What says you folks who have been in this place? My biggest concern at this point though is even if it works, depending on how far this other “relationship” has gone, I might not physically be able to accept her back. I am weird that way.


----------



## Eastbound (Feb 23, 2012)

Huge break through.

I gave in to “M’s” parents advice. Basically I was at a point that I was done anyways so why not try to just put the ball in her court as a last chance effort? I mean, that is what was going to happen anyways.

She did not take it well at all. That was yesterday.

So today, after 24 hours of NC (lame huh?!? ) hehe, I decided I needed to clear the air a bit. While I had been doing a lot of letters and emails with my thoughts, she did not allow us to have real conversations face to face. She admitted she over reacted to me telling her I needed space to move on, and I was able to get her to come clean about the OM. 2 dates, some talking, nothing physical (with her that is possible, for our sake, I have to believe it…) but nothing serious, just trying to shake loose from us.

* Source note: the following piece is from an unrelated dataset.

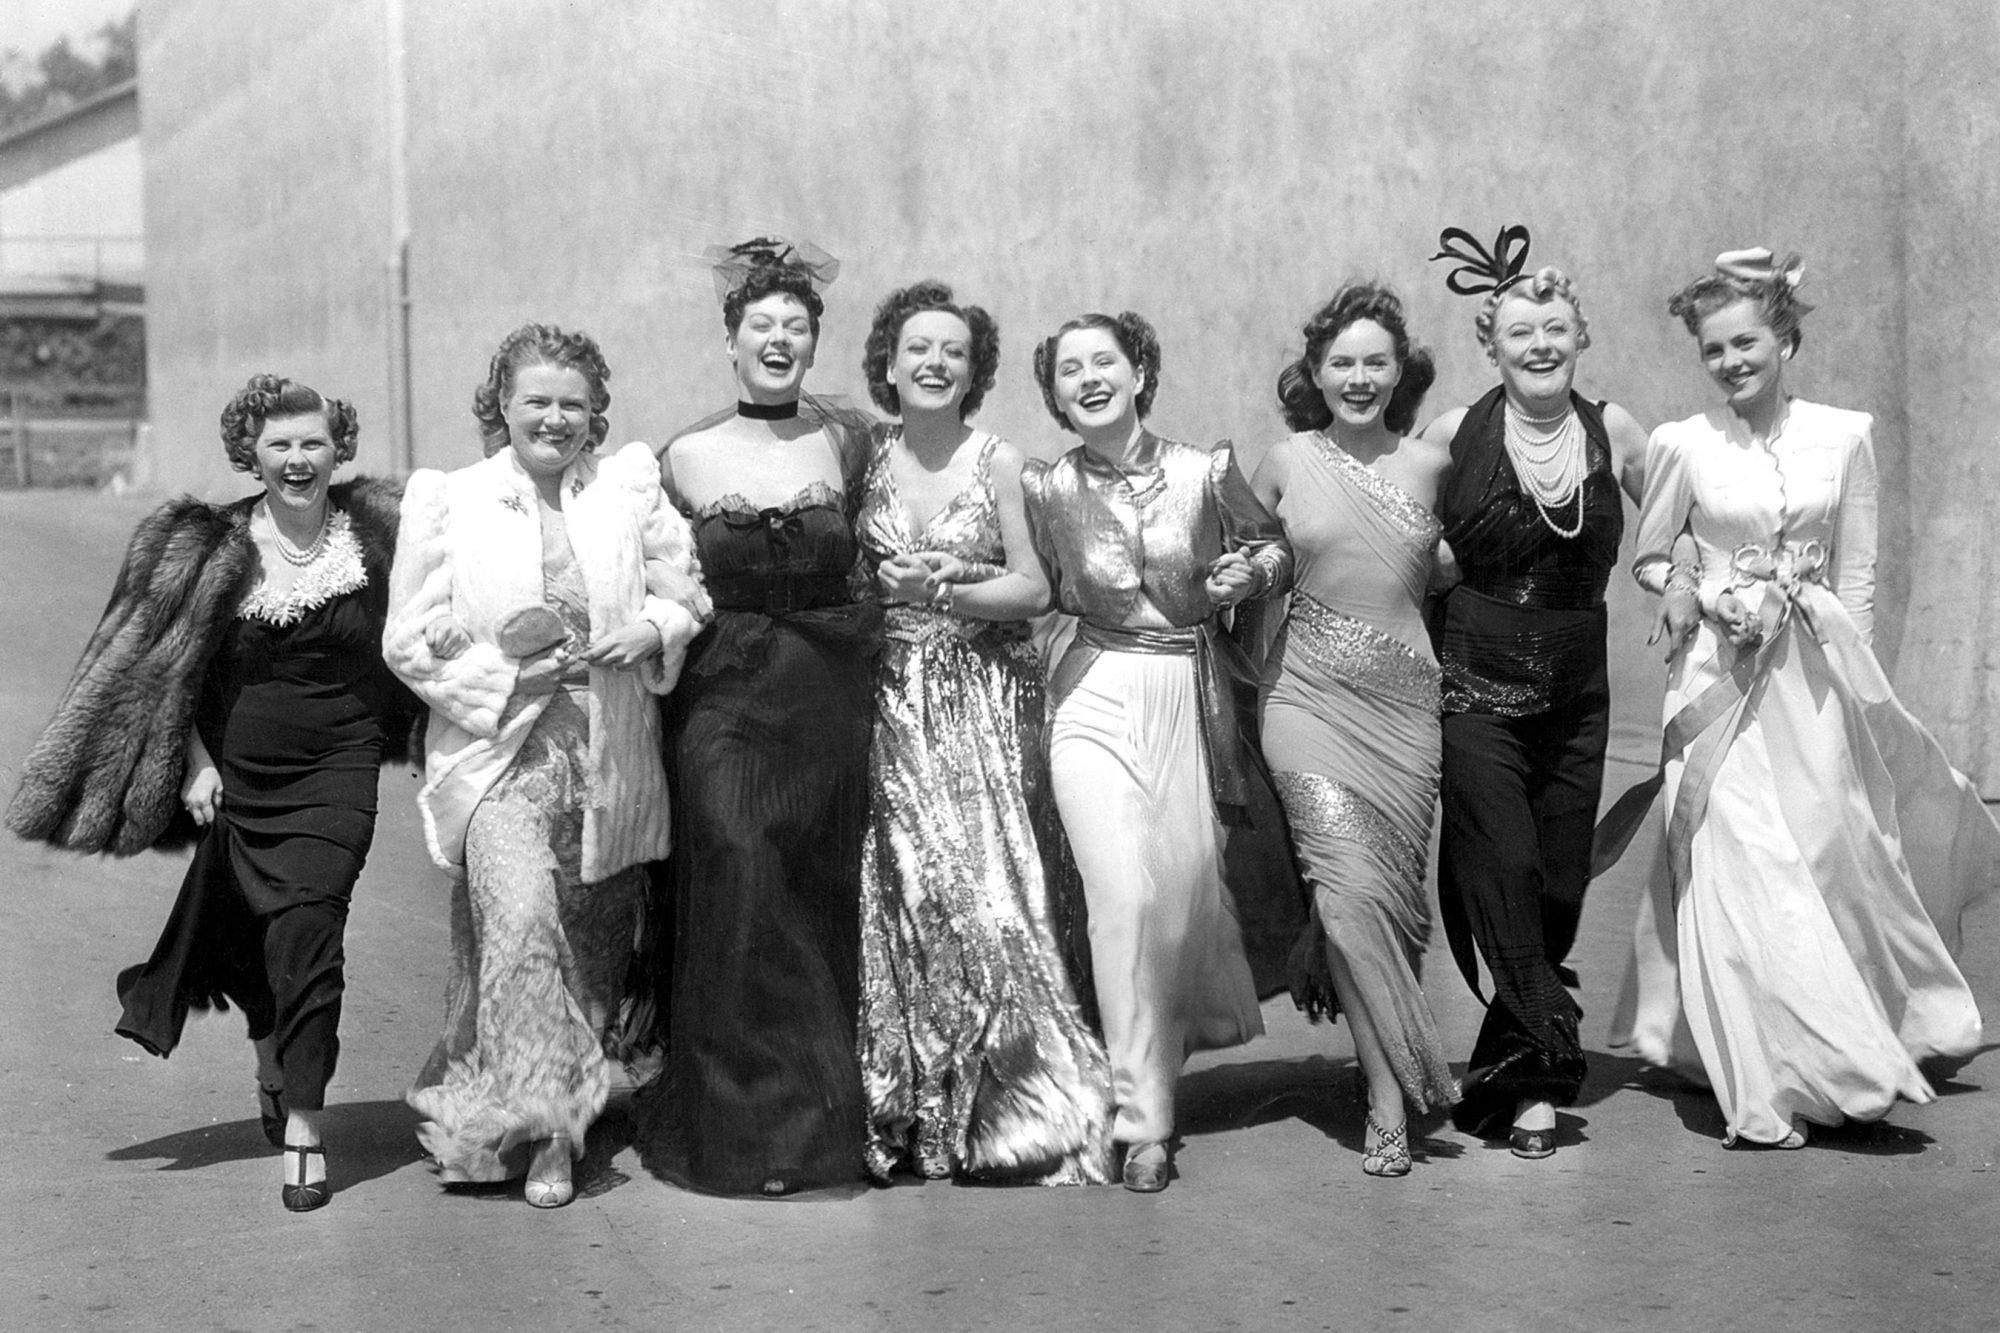 THE WOMEN, Phyllis Povah, Rosalind Russell, Joan Crawford, Norma Shearer, Paulette Goddard, Mary Bol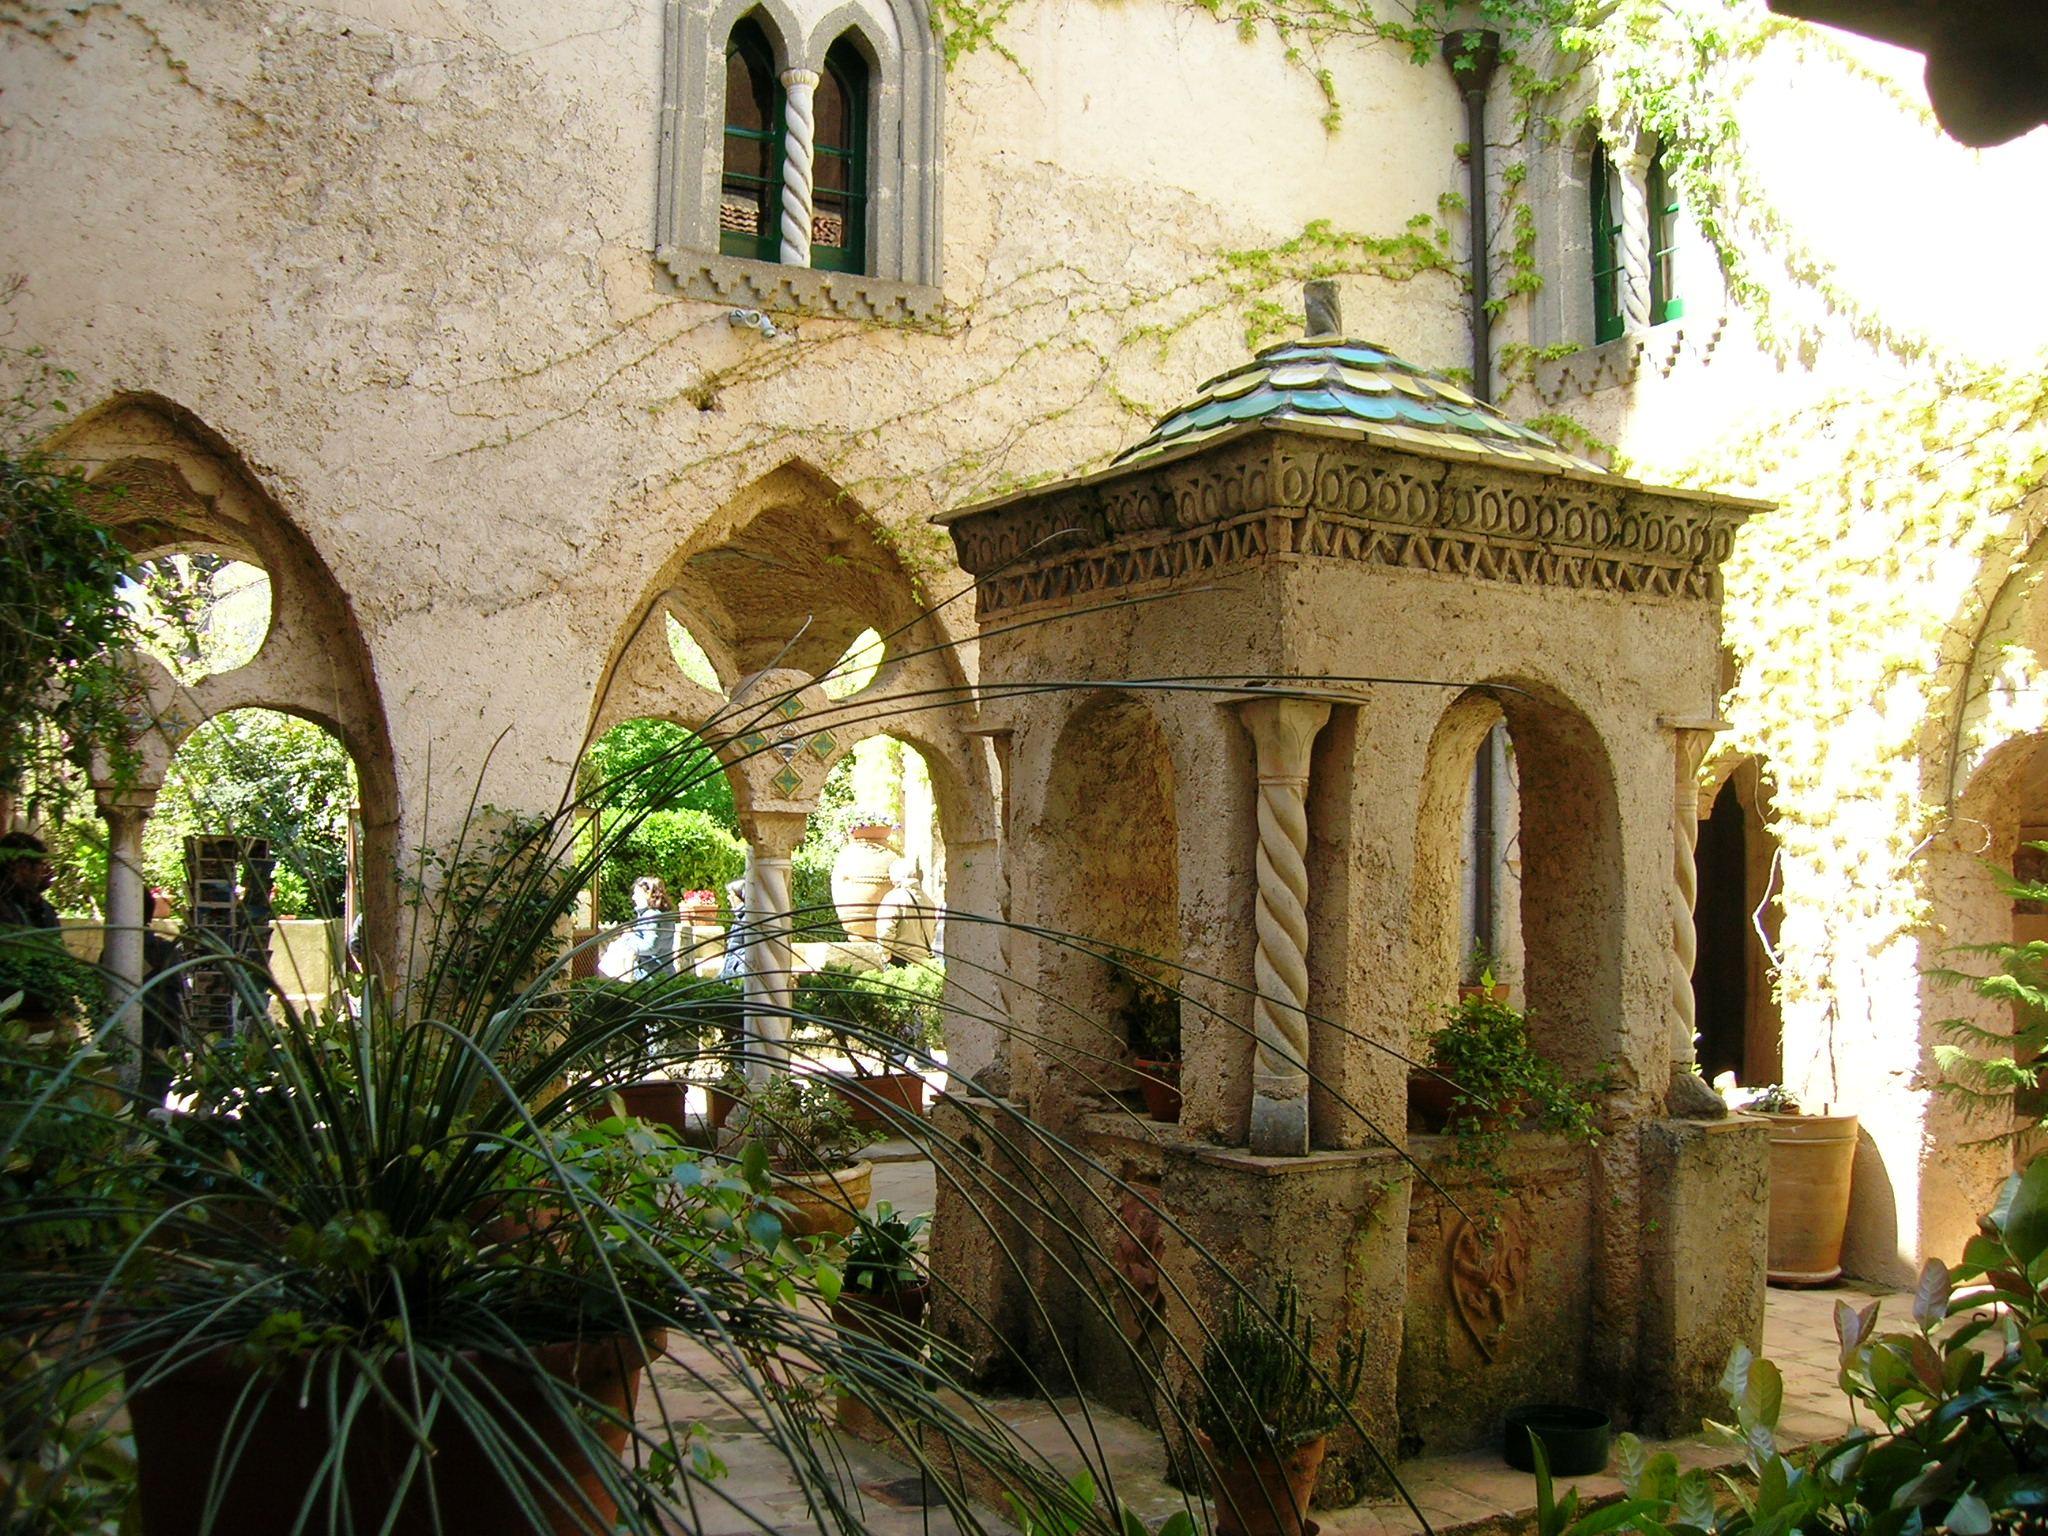 http://upload.wikimedia.org/wikipedia/commons/1/17/Villa_Cimbrone_Ravello_27.JPG

When we split she had a list of complaints, while these certainly were important to her, they needed to be addressed, but they were trivial, simple. They were not anything game breaking for me to address, and most could have been fixed with just better communication. I was able to finally have her really look at the time we have been spending “as friends” and she was able to see that, for the most part, her concerns had been addressed.

She said she will think on it. I got through to her. I know the hardest part is still coming. She is afraid that we can be happy for a year or so then things will just cycle back; I have get her to understand that the relationship that we build will be new, one that might have up and downs, but does not bottom out. I also have to get her to understand the difference between emotion and love. “Love but not in love”, if more people understood that the emotions that came with love was only a (pleasant) side-effect, I think there would be much more success. You are not happy; you don’t feel the positive emotions that come with love, that is just the way it is. Those feelings will have to be nurtured back, but they will never be there if you have a castle around your heart.

Any advice or words of wisdom from the forum? I would love to keep the momentum going forward to a little safer waters.

Thanks for reading.


----------